Economic and Market Update - September 2021



  • Eurozone inflation in August hit 3%, the highest level in a decade as the economic recovery and supply chain issues result in higher prices. This prompted the European Central Bank to trim its bond purchasing program, but did not set any official end date to their accommodative monetary policies.


  • China’s manufacturing activity slowed last month to the weakest level since February 2020. The slowdown was a result of strict measures meant to curb the spread of the Delta variant.


  • U.S. debt ceiling and government shutdown issues are back. While a temporary U.S. government shutdown doesn’t usually impact markets, failure of Congress to raise or suspend the debt ceiling would result in the U.S. defaulting on debt and have significant negative implications for stock and bond prices. 



  • Interest rates have been rising and the 10-year Treasury yield is now above 1.50% for the first time since June. Upward pressure on yields has come from a variety of forces including global central banks making the case for raising interest rates to normalize monetary policy amid stronger economic data and inflation.


  • Evergrande, China’s largest property developer, sparked market volatility as the company struggles to avoid defaulting on its massive debt burden. Although fears of a systemic crisis have subsided as the Chinese government steps in, a slowdown in the Chinese real estate market would dampen the recovering economy.


  • The more interest rate sensitive sectors of the stock market such as Technology and Utilities have underperformed the S&P 500 by 1.85% and 1.22% respectively over the past week as rates jumped.

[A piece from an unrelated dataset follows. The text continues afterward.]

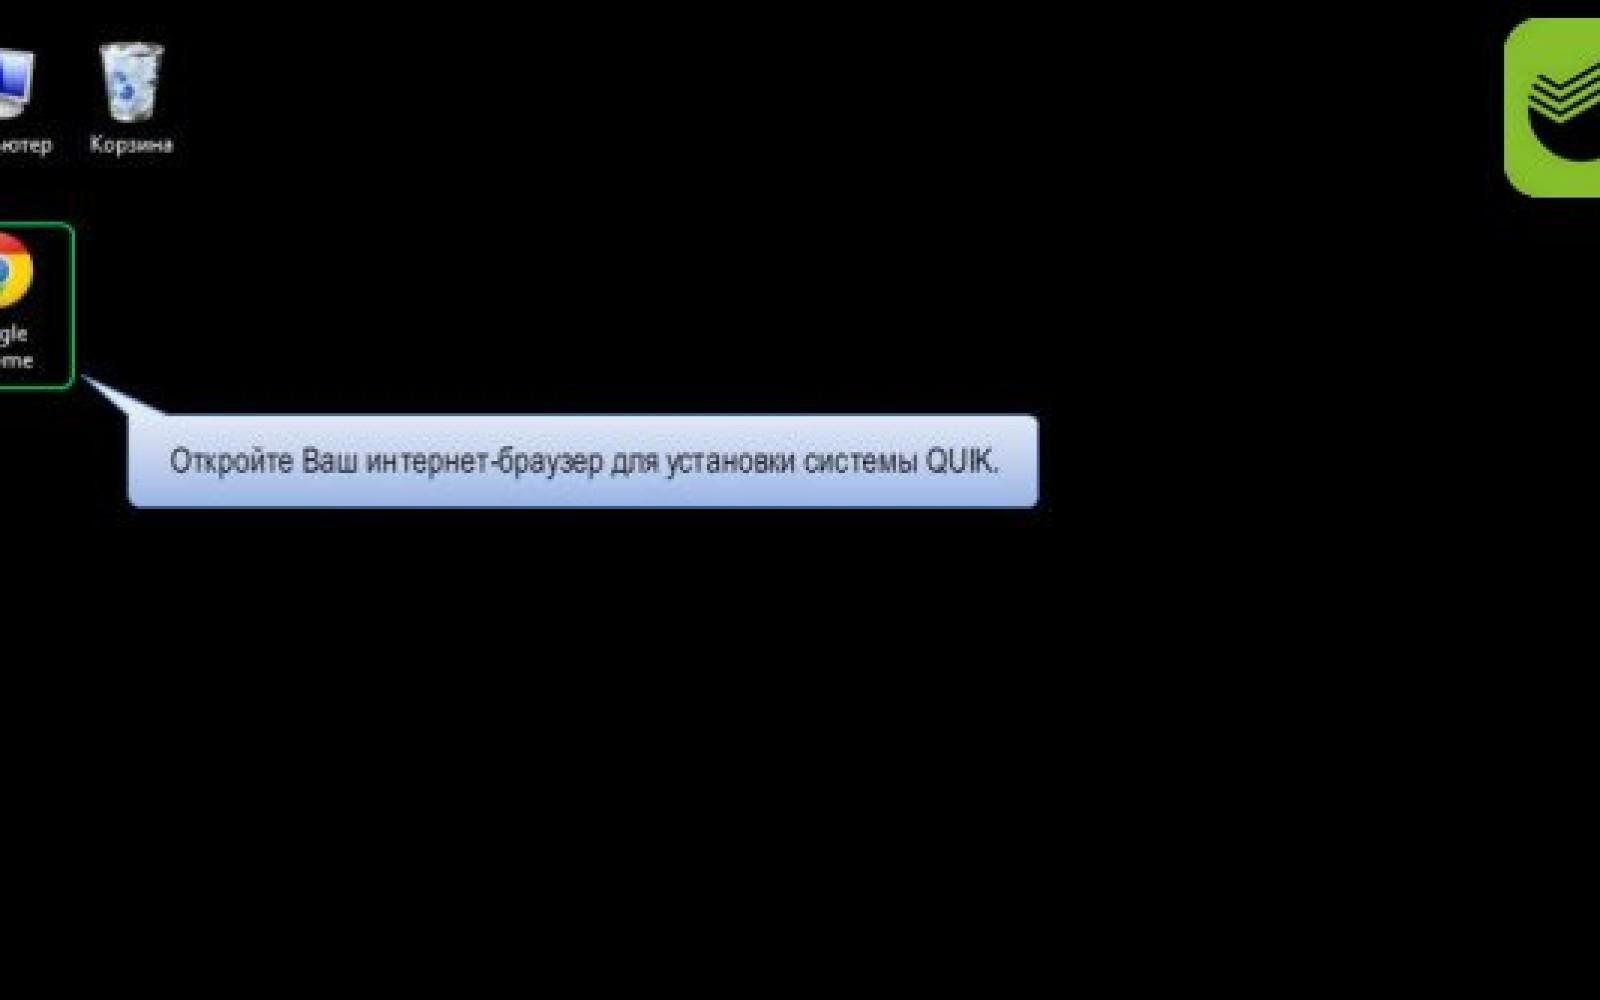 Купить акции Газпрома физическому лицу в Сбербанке 1

Tensions between the U.S. and China since 2016 have resulted in a steep decline in investment between the two countries as they separate their supply chains. A more challenging environment for Chinese companies trying to do business in the U.S. has led to a shift in operations towards areas like Europe and Africa. China’s investment in the U.S. has fallen 85% in the past 5 years and tech-sector investment has fallen 96%.

 



Prices for natural gas have soared as Europe faces a major supply shortage. New production from the main suppliers, Russia and Norway, have been constrained and with reserves already 25% below historic averages, the region is set to experience much higher costs for heating and electricity. Prices in the U.S. are surging too due to the overseas shortage. U.S. natural gas prices are above $6 per thermal unit for the first time since 2014.

 


September is generally a weak seasonal period for the stock market, but there have also been plenty of headlines highlighting the risks in the market as volatility picked up. Still, the S&P 500 is down less than 4% from its all time high on 9/2. Government shutdowns and the debt ceiling are top of mind and will likely continue to be over the next few weeks, keeping caution raised and bouts of volatility present. Ultimately, barring a U.S. default on treasury payments stemming from the debt ceiling not being raised, the markets should continue to be driven primarily by the macroeconomic environment. Economic data was weaker in the 3rd quarter, but with COVID cases looking to have peaked in the U.S., labor market improvements, consumer spending trends, and factory activity may resume their recoveries that began earlier this year. More importantly, if COVID-related restrictions that have been impacting supply chains ease, it should allow businesses to restock inventories. The process of repairing the supply chains and meeting the backlog of demand across the globe will take time and extend into 2022, keeping prices of certain goods and services elevated. But inflation has still not reached levels that would force the Federal Reserve to taper its asset purchases sooner than expected (still around year-end). Historically low interests rates should continue to provide a tailwind for stocks, but there will still be an emphasis on earnings growth. In order to keep the improving 2022 earnings per share estimates intact, 3rd quarter results will need to have minimal disappointments.  

 


The purpose of the update is to share some of our current views and research. Although we make every effort to be accurate in our content, the datum is derived from other sources. While we believe these sources to be reliable, we cannot guarantee their validity. Charts and tables shown above are for informational purposes, and are not recommendations for investment in any specific security.